Concerning global economic developments, the central bank noted that the global economy has slowed 'sharply'. Financial market sentiment has 'deteriorated' and if the tightening condition of in international bank funding markets does not improve, New Zealand bank funding costs will increase.
Fortunately, the global turmoil has not yet affected New Zealand's economy significantly. According to Governor Bollard, the country's economy has 'performed relatively well while headline inflation has increased' somewhat from 3 months ago. However, risks remained there and will likely increase in the second half of the year. Exports will be negatively affected as New Zealand's trading partners has 'deteriorated markedly' and New Zealand dollar has appreciated a lot against major currencies. The RBNZ warned that strength in NZD is having a 'dampening influence on some parts of the tradable sector and on imported inflation'.

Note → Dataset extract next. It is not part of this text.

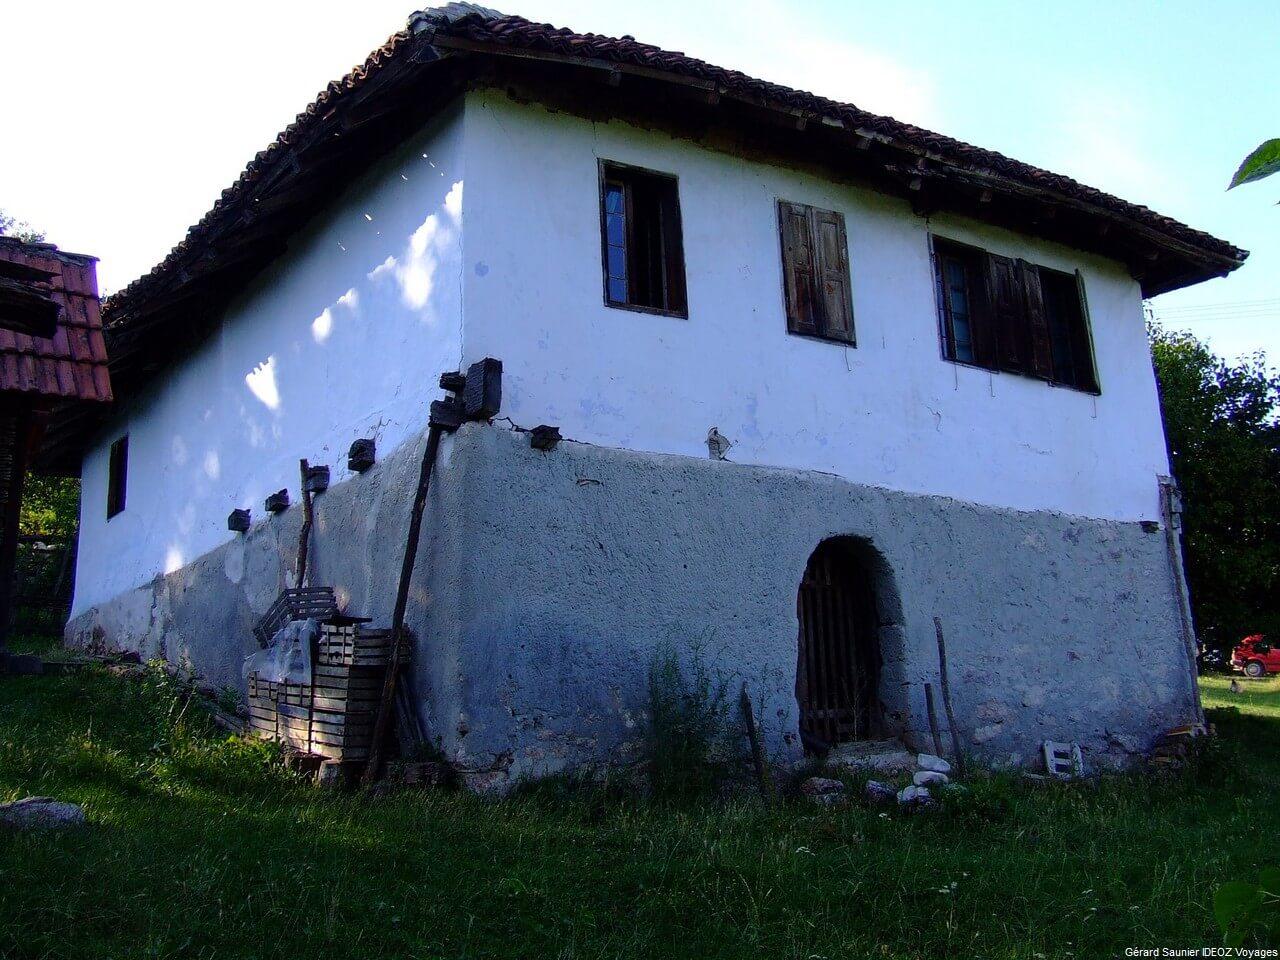 Rencontre inoubliable à Arilje en Serbie centrale : merveilleux souvenir 15
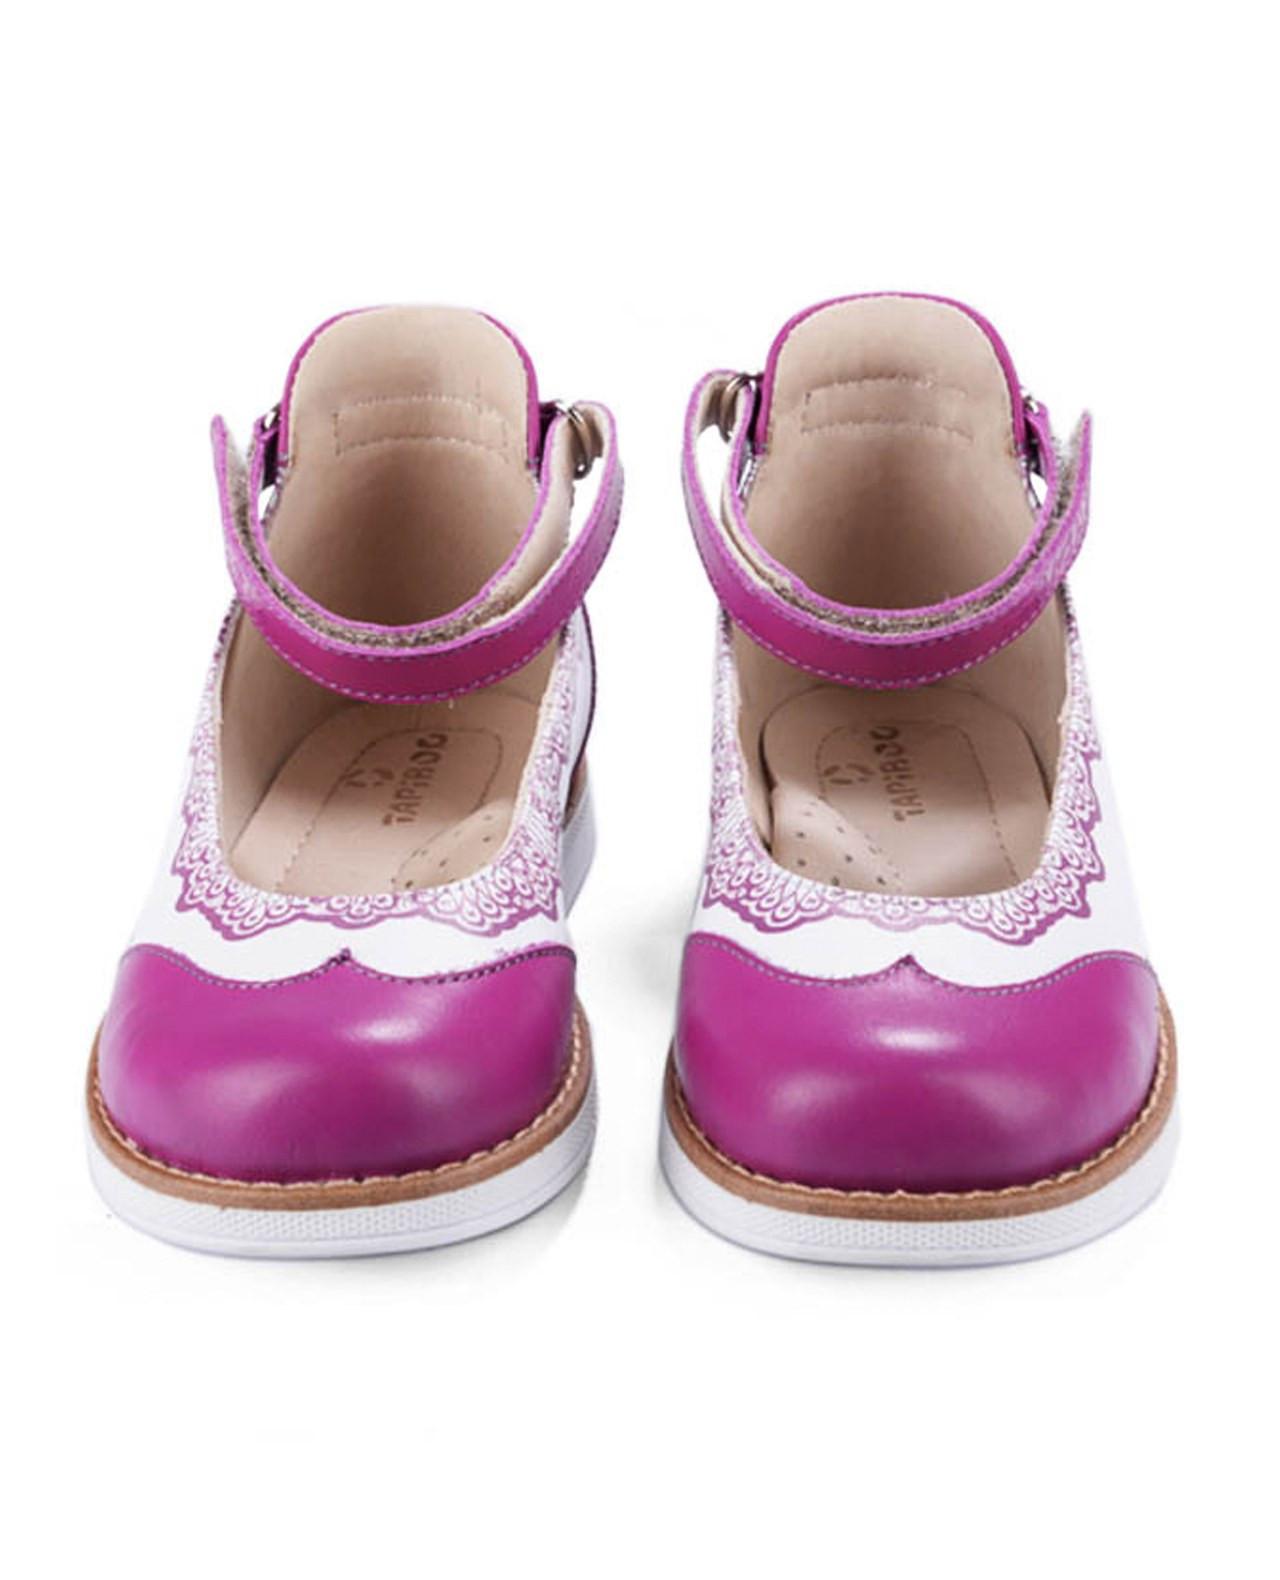 Туфли Детские, Tapiboo Мэри Джейн (38906, 30 )Туфли<br>Яркая и элегантная модель для девочек с <br>оригинальными принтами. Широкий, устойчивый <br>каблук, специальной конфигурации «каблук <br>Томаса». Каблук продлен с внутренней стороны <br>до середины стопы, чтобы исключить вращение <br>(заваливание) стопы вовнутрь (пронационный <br>компонент деформации, так называемая косолапость, <br>или вальгусная деформация). Многослойная, <br>анатомическая стелька со сводоподдерживающим <br>элементом для правильного формирования <br>стопы. Благодаря использованию современных <br>внутренних материалов позволяет оптимально <br>распределить нагрузку по всей площади стопы <br>и свести к минимуму ее ударную составляющую. <br>Жесткий фиксирующий задник с удлиненным <br>«крылом» надежно стабилизирует голеностопный <br>сустав во время ходьбы, препятствуя развитию <br>патологических изменений стопы. Упругая, <br>умеренно-эластичная подошва, имеющая перекат <br>позволяющий повторить естественное движение <br>стопы при ходьбе для правильного распределения <br>нагрузки на опорно-двигательный аппарат <br>ребенка. Подкладка из кожи теленка обладает <br>повышенной износостойкост<br>Размер INT: M; Цвет: Красный; Ширина: 100; Высота: 200; Вес: 1000;

In the quarterly MPS, the RBNZ lower its growth forecasts for the year ended March 2012 to +3.6% and March 2013 to +2.6% from June's projections of +4.4% and +3.6% respectively. The downward revisions were to large extent driven by the reductions in trading partners' growth. Inflation forecasts were also trimmed and CPI is expected to rise to +2.1% in March 2012 and then ease to +2.0% in March 2013 before soaring to +2.2% in March 2014.
While keeping the policy rate unchanged, given 'the recent intensification in global economic and financial risks', at this meeting, the RBNZ continued to forecast a future rate hike, if 'recent global developments have only a mild impact on the New Zealand economy'. Yet, it seems that policymakers will wait until 2012 for the first hike as suggested by the 90-day bill rate.